**Exercise:** No pictures go into the copy. Write out exactly the lines below from the one containing "Как сделать зимний" through the one containing "Steam punk James".

**Raw data:**
━━━━━━
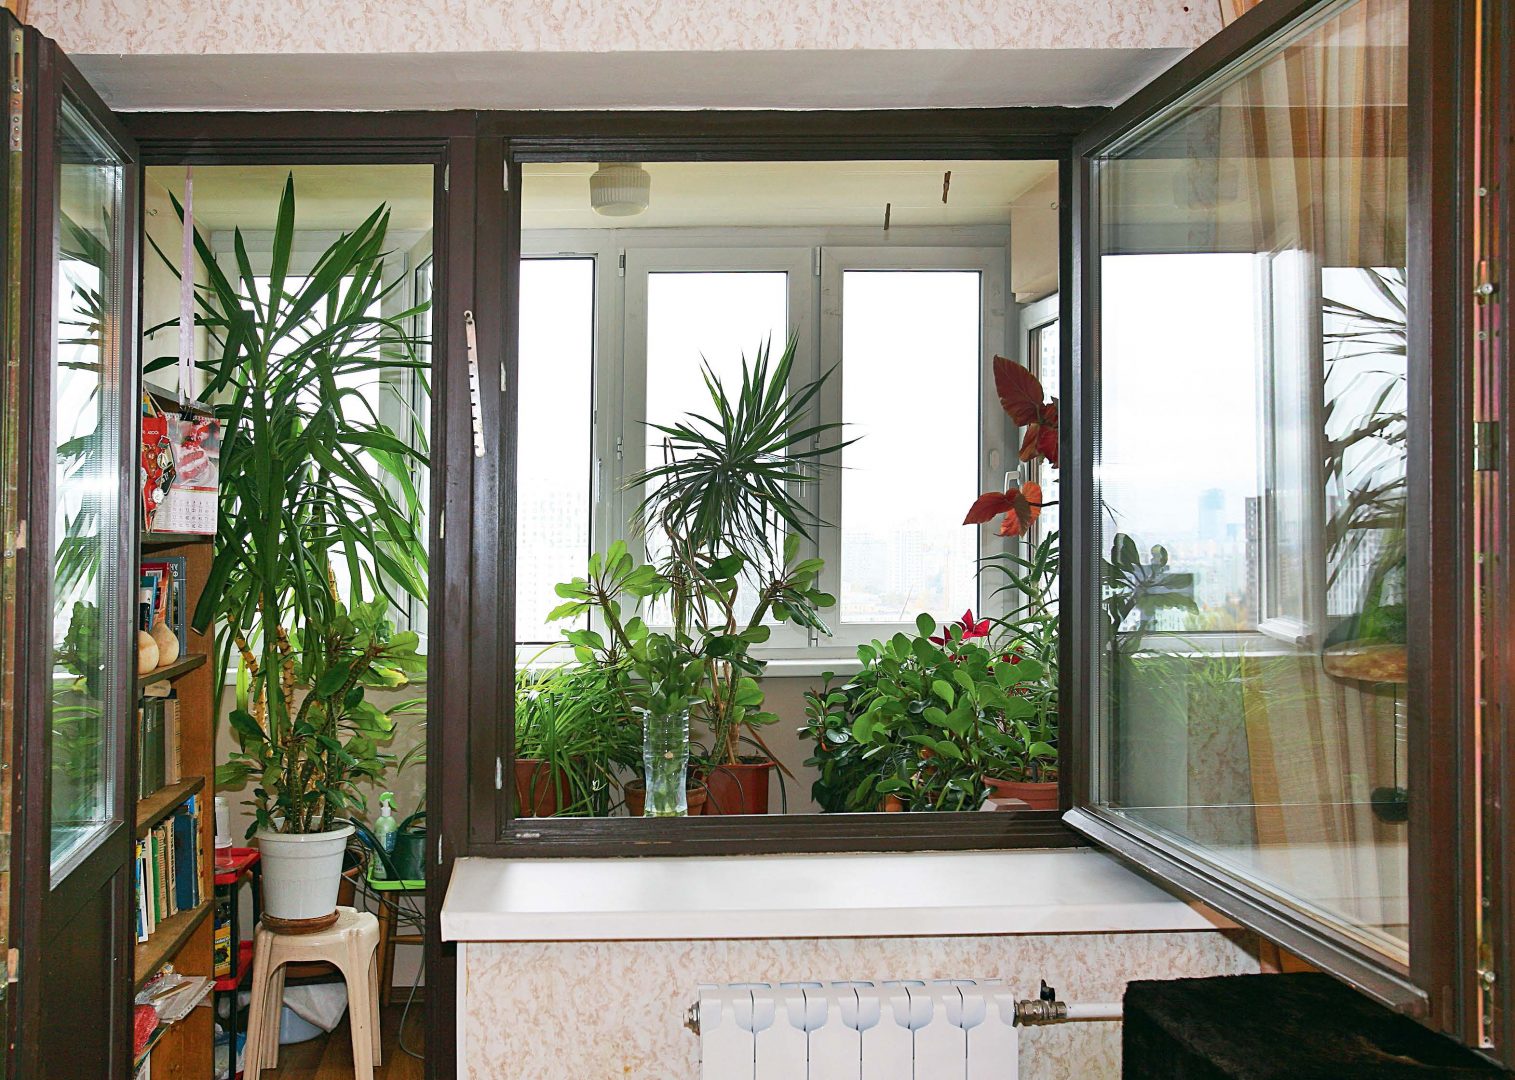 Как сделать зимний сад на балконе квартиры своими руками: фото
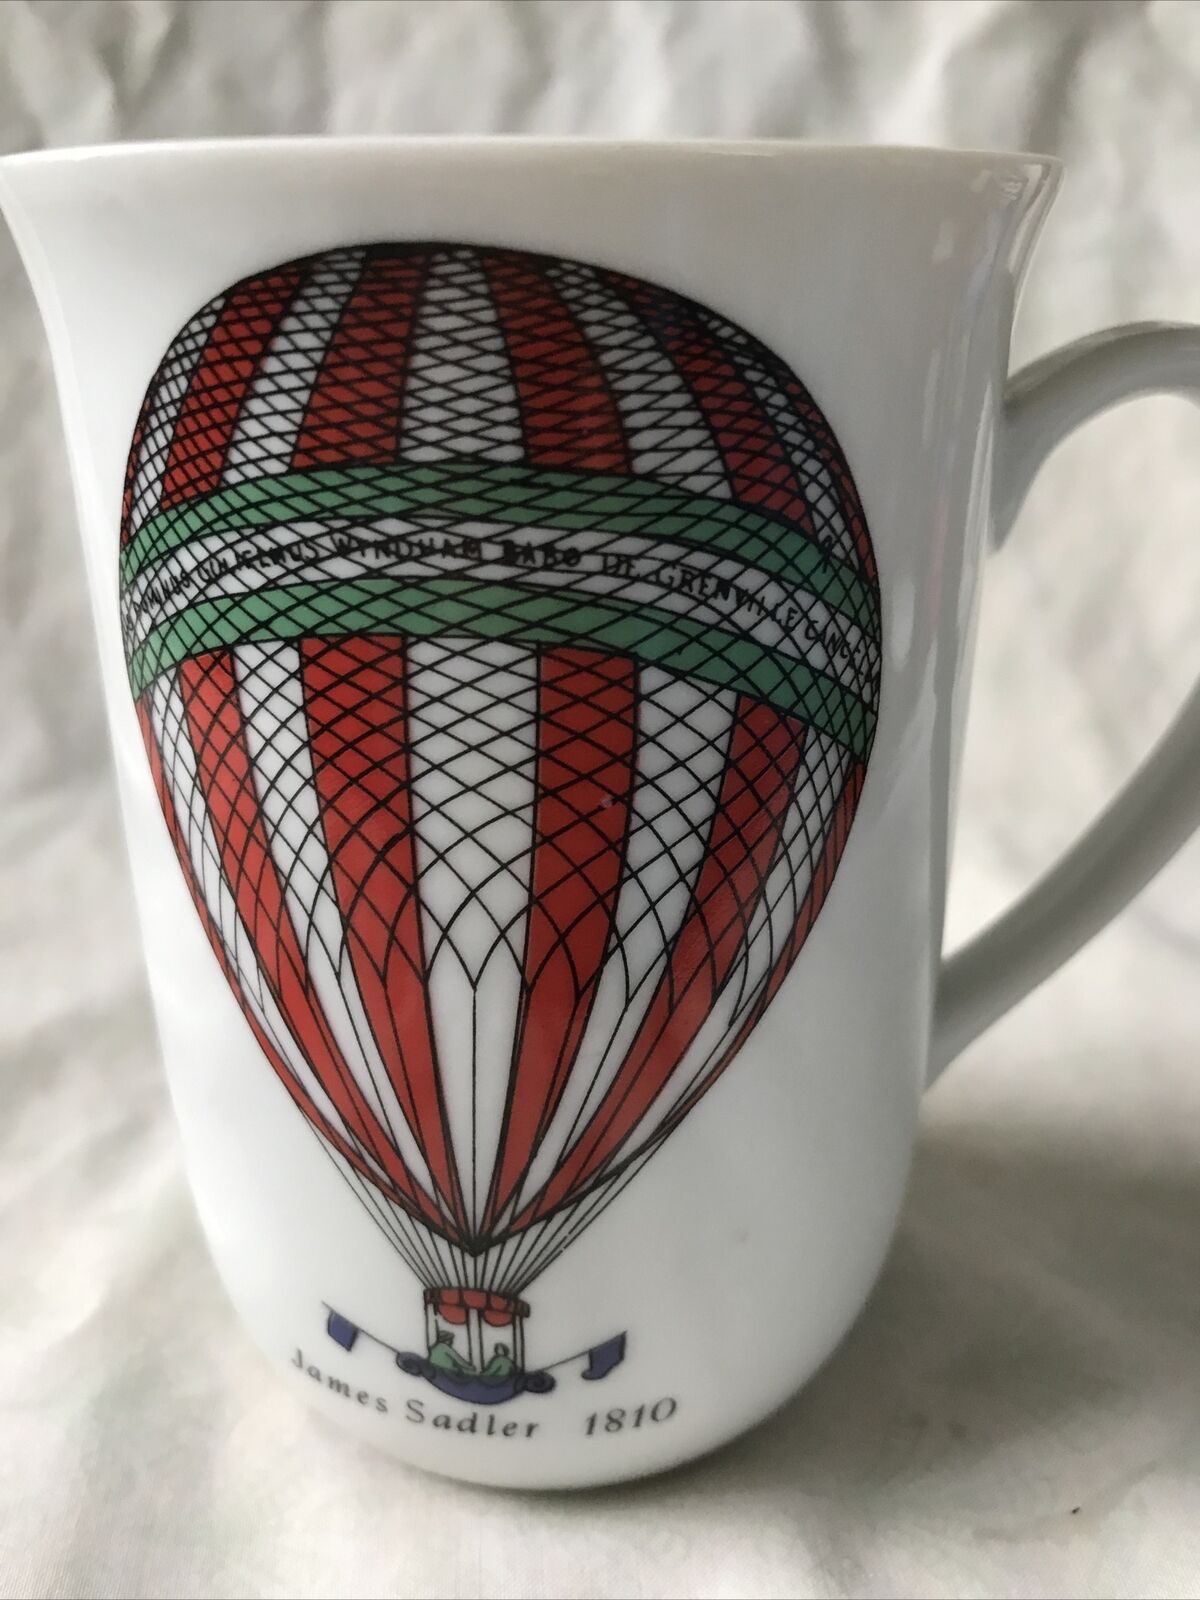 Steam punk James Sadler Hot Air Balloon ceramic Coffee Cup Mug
━━━━━━
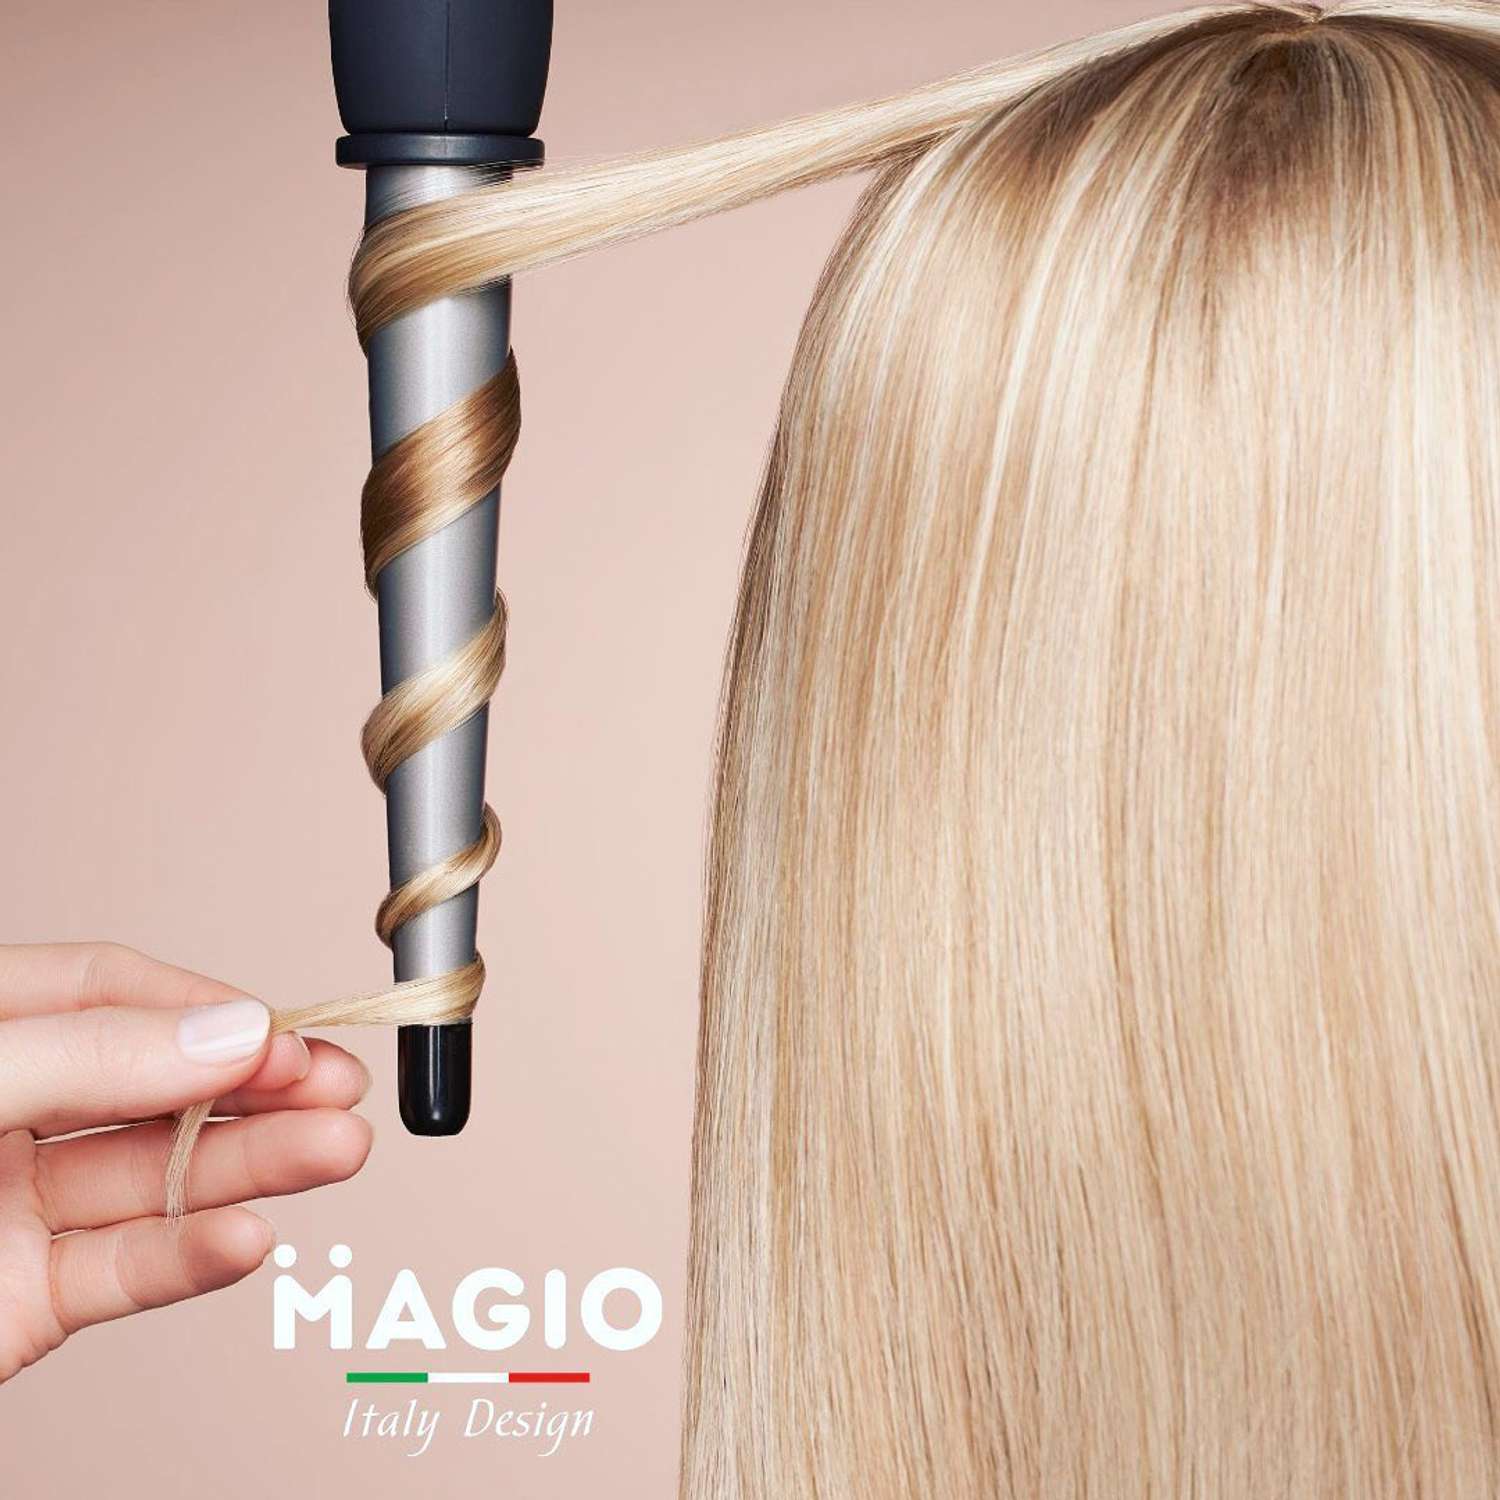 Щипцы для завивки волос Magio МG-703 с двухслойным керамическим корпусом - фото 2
━━━━━━
**Exercise result:**
 Как сделать зимний сад на балконе квартиры своими руками: фото
 Steam punk James Sadler Hot Air Balloon ceramic Coffee Cup Mug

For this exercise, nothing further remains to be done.